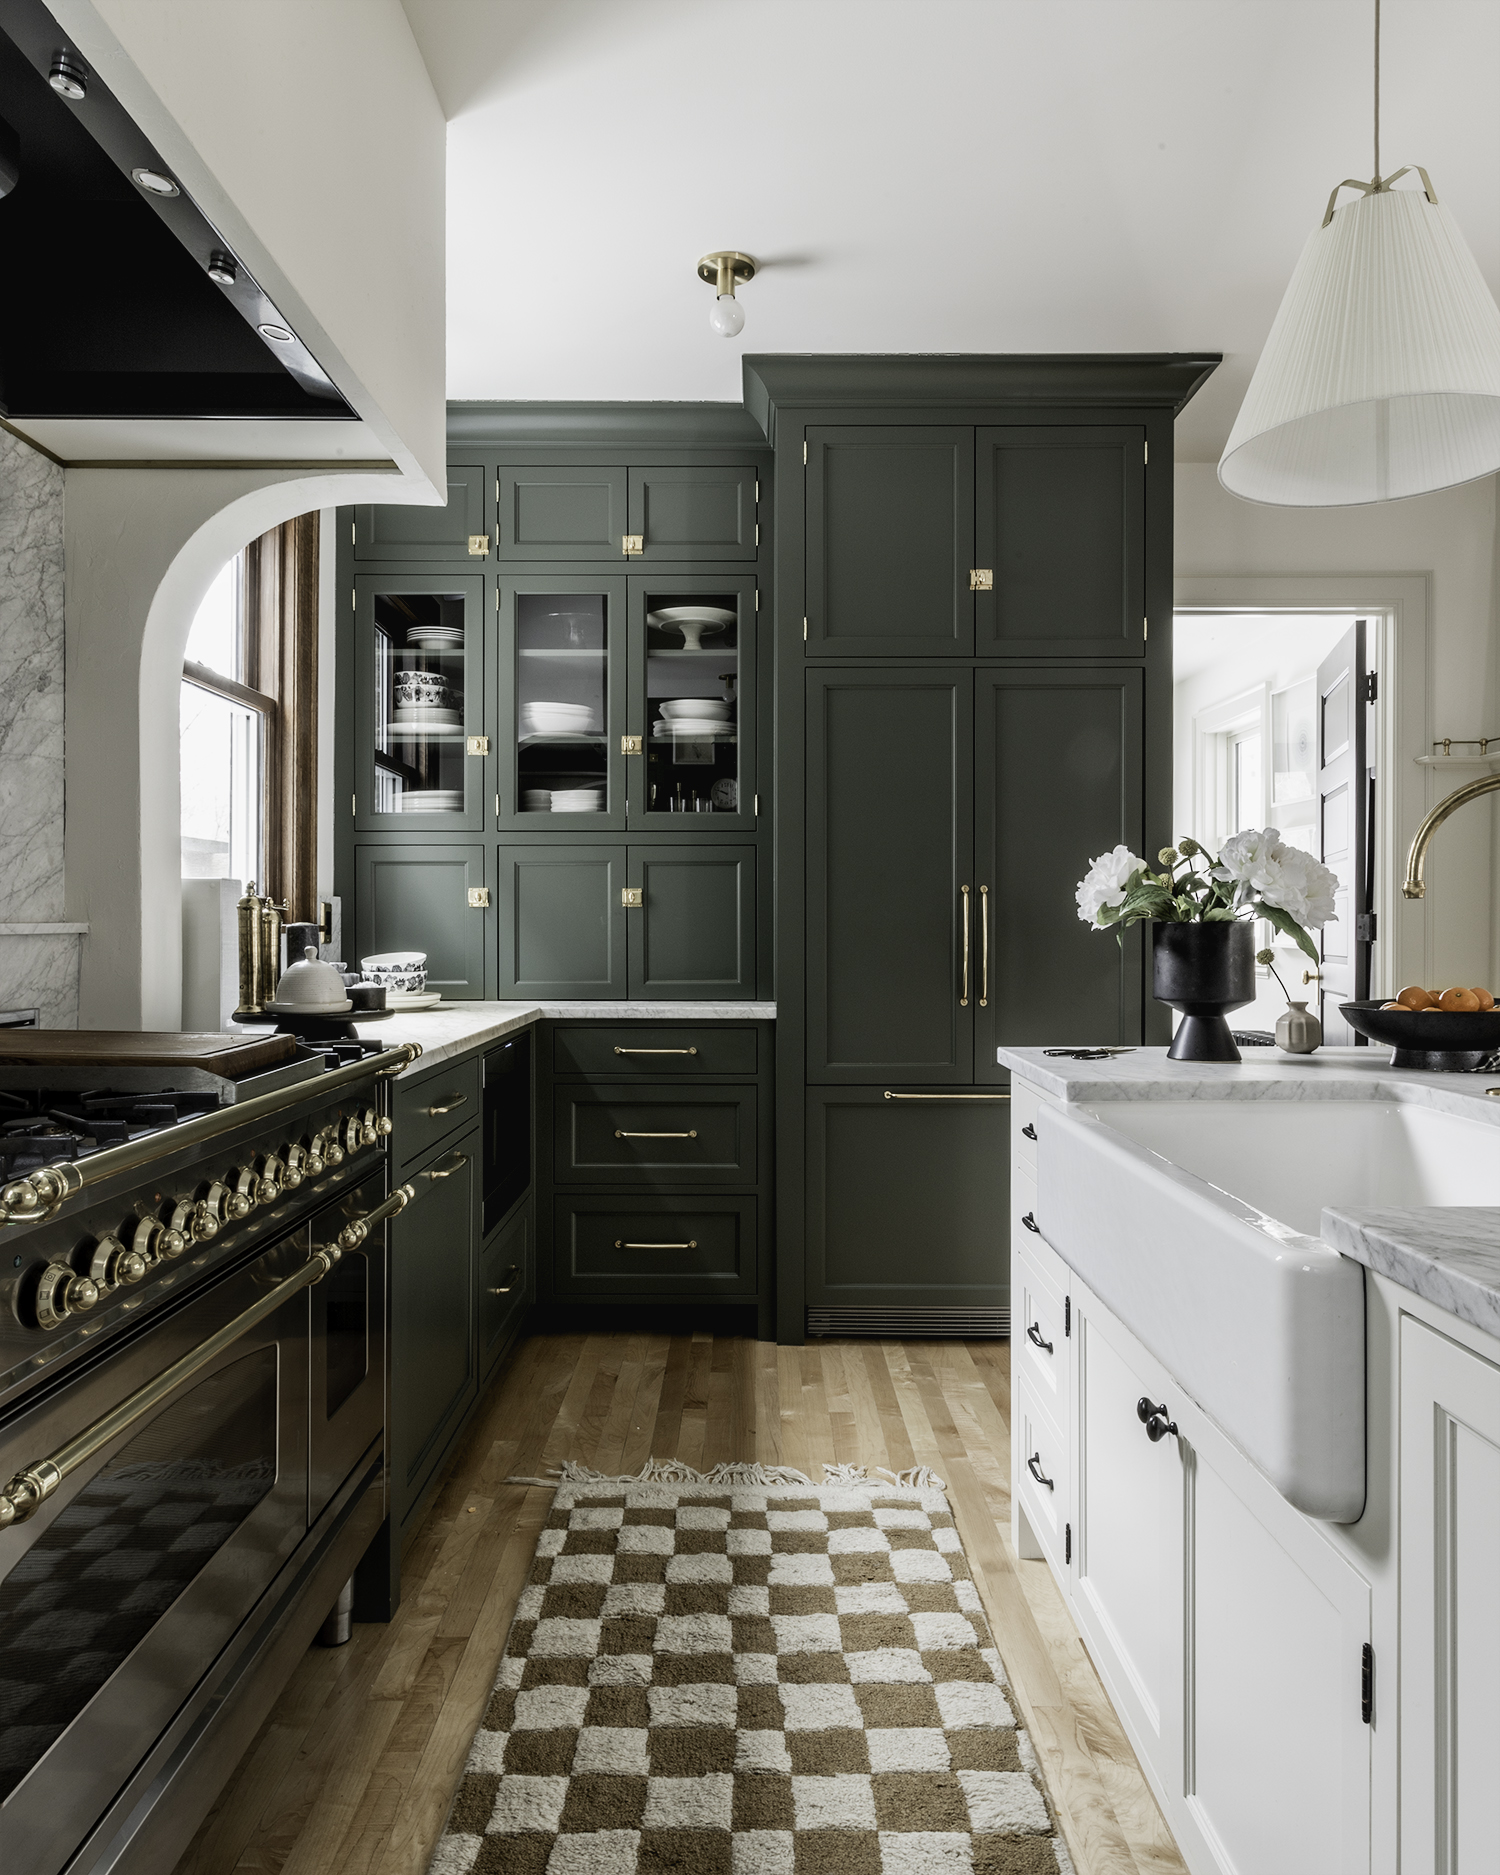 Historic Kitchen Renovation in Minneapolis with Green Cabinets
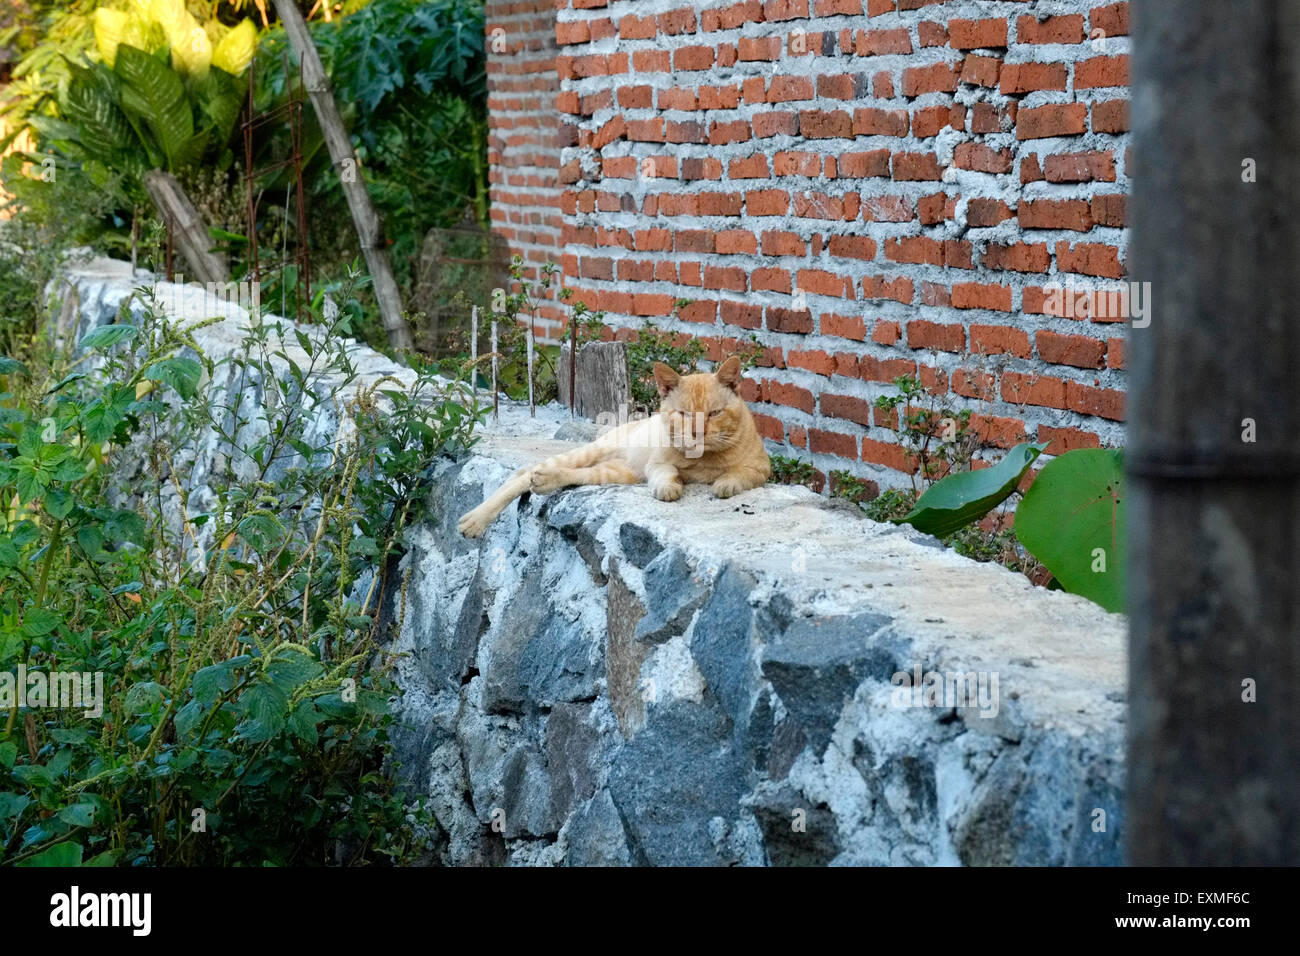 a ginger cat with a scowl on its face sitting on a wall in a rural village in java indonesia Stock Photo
━━━━
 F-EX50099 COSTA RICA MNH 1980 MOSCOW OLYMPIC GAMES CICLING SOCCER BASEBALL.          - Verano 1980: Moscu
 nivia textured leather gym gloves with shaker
━━━━
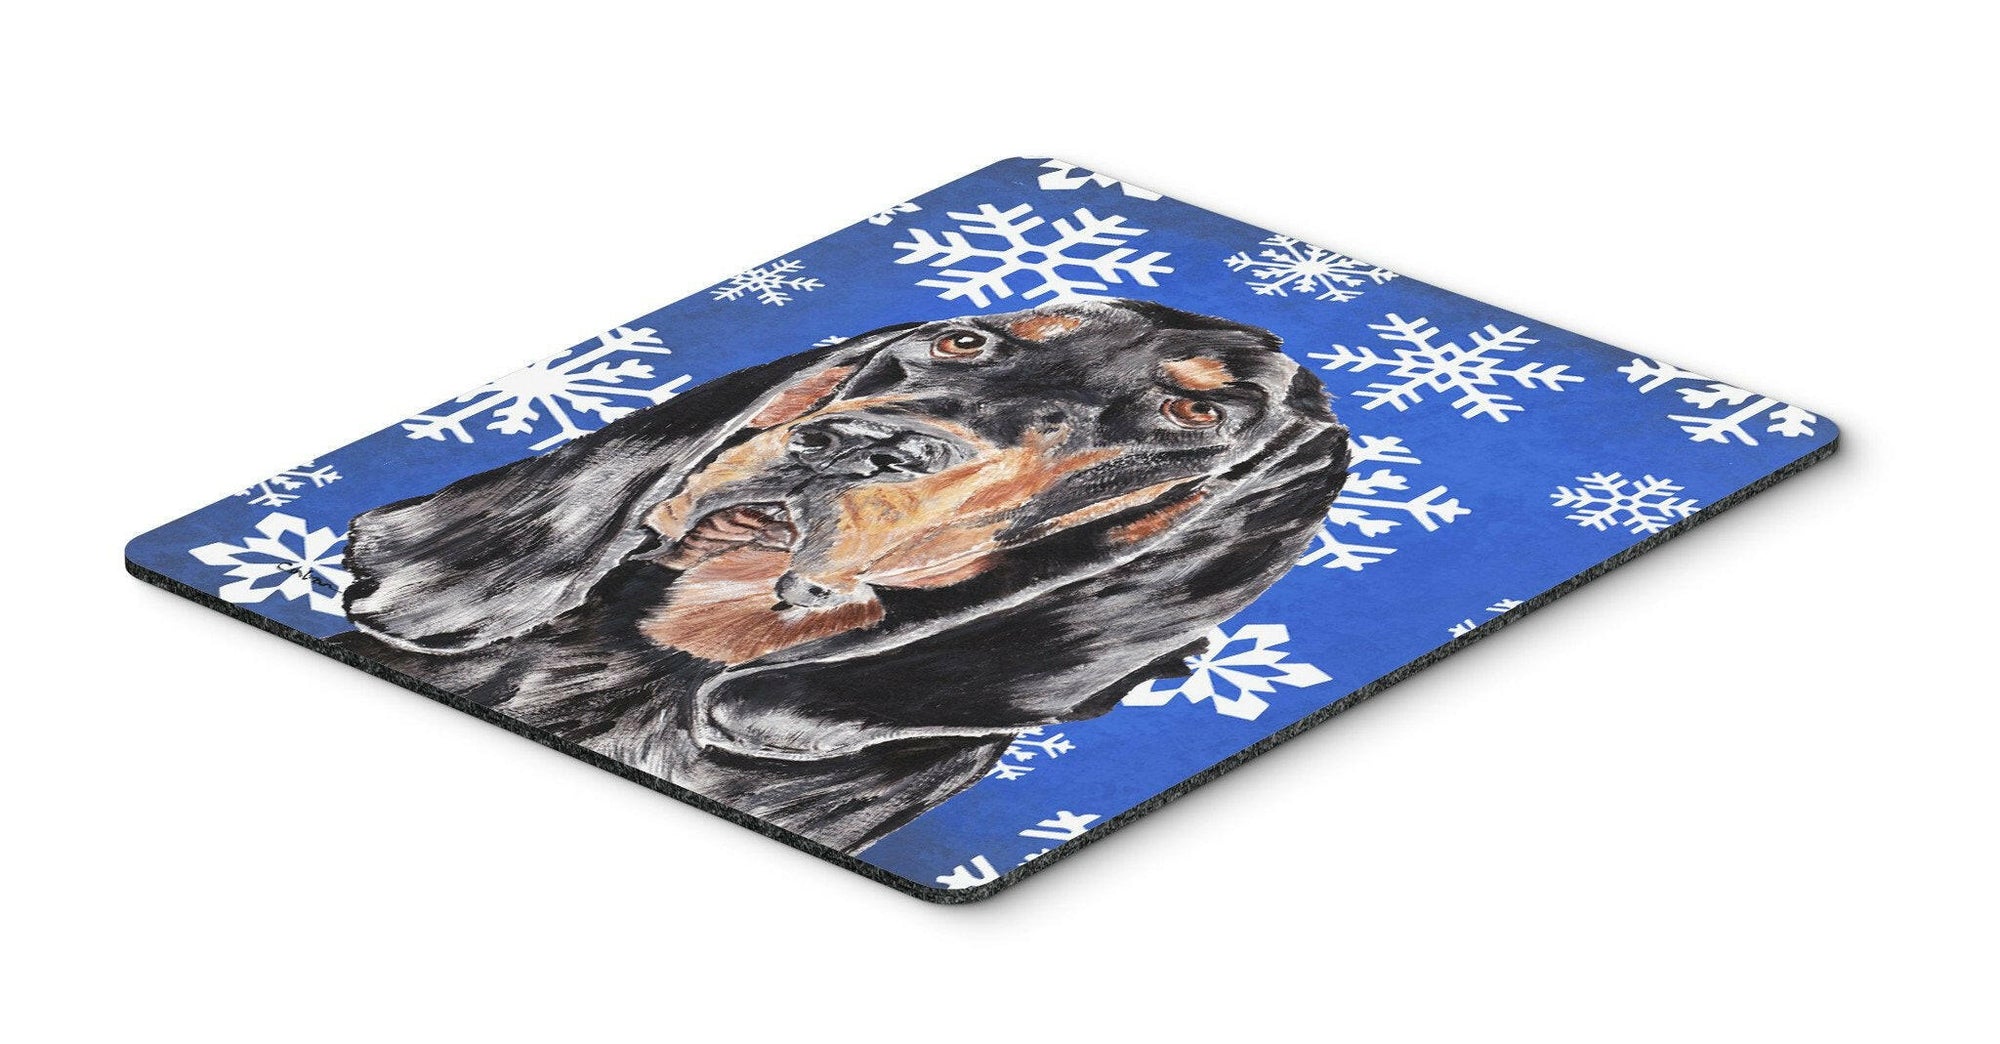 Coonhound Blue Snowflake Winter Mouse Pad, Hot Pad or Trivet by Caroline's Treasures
━━━━
- PROBLEM REQUIREMENTS
Output exactly the lines above, beginning at the one with "Historic Kitchen Renovation" and stopping after the one with "a ginger cat". Pictures are to be omitted.

- RESULT FOR THIS EXERCISE
 Historic Kitchen Renovation in Minneapolis with Green Cabinets
 a ginger cat with a scowl on its face sitting on a wall in a rural village in java indonesia Stock Photo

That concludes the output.